The followings are optional search parameters commonly acceptable for several methods.

Common to
/range and
/mass
Parameter required Description Value Default
limit no It defines an upper limit number of the search results returned from the MFSearcher. Even if the number of the records that matched to the queried conditions exceeds the limit number, MFSearcher only returns former records in the limit number, by which users can avoid an unexpectedly longer waiting time. When the hit records exceeds the limit number, the "is-limited" value will be set to "true" and it is shown in the result text when the "txth" or "xml" was selected as the "output" parameter (see below).
a positive integer set in each database (see the help of the database)

/mfsearcher/exmassdb/range?lowerMs=500&upperMs=500.01&limit=20
/mfsearcher/pubchem/mass?targetMs=500&margin=1&limit=50

Common to
/range,
/mass,
and
/version
Parameter required Description Value Default
output no This parameter defines the type of output format
(see Output Format section for details).

txt: a tab delimited text format which carries only the result records.

txth: in addition to the "txt"-results, information of the query and the results are attached as a header.

xml: a text in an xml format having the same information as txth.

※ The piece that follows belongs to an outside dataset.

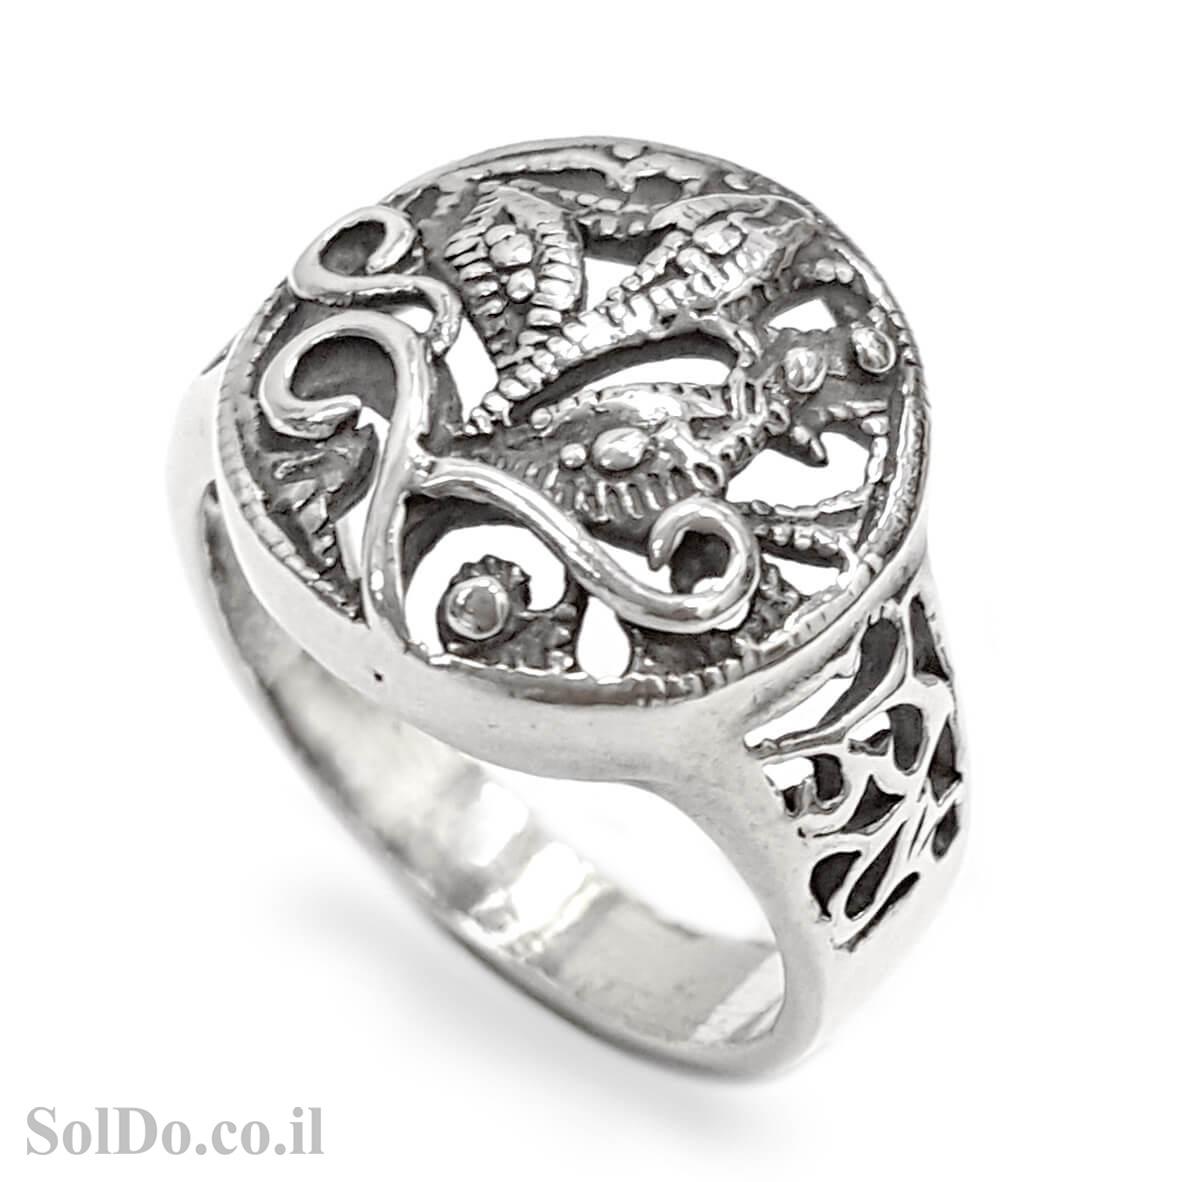 טבעת מעוצבת מכסף RG6017 | תכשיטי כסף 925 | טבעות כסף לאישה

When the output parameter is used for the "version" method, the same results will be returned for "txt" and "txth".
text

"txt",
"txth", or
"xml"
txt

/mfsearcher/exmassdb/range?lowerMs=500&upperMs=500.01&output=txth
/mfsearcher/kegg/mass?targetMs=500&margin=0.1&output=xml
/mfsearcher/pep1000/version&output=xml

UC2 Specific Parameters

The "db" option is used in UC2.

Parameter required Description Value
db yes The signature made by two letter alphabets for the databases.
KG: KEGG, KN: KNApSAcK, FL: FlavonoidViewer, HM: HMDB, LM: LipidMAPS, UN: UNPD, PC: PubChem
KG, KN, FL, HM, LM, UN, PC
Multiple databases can be defined by concatenating the signature with comma. Do not include speces.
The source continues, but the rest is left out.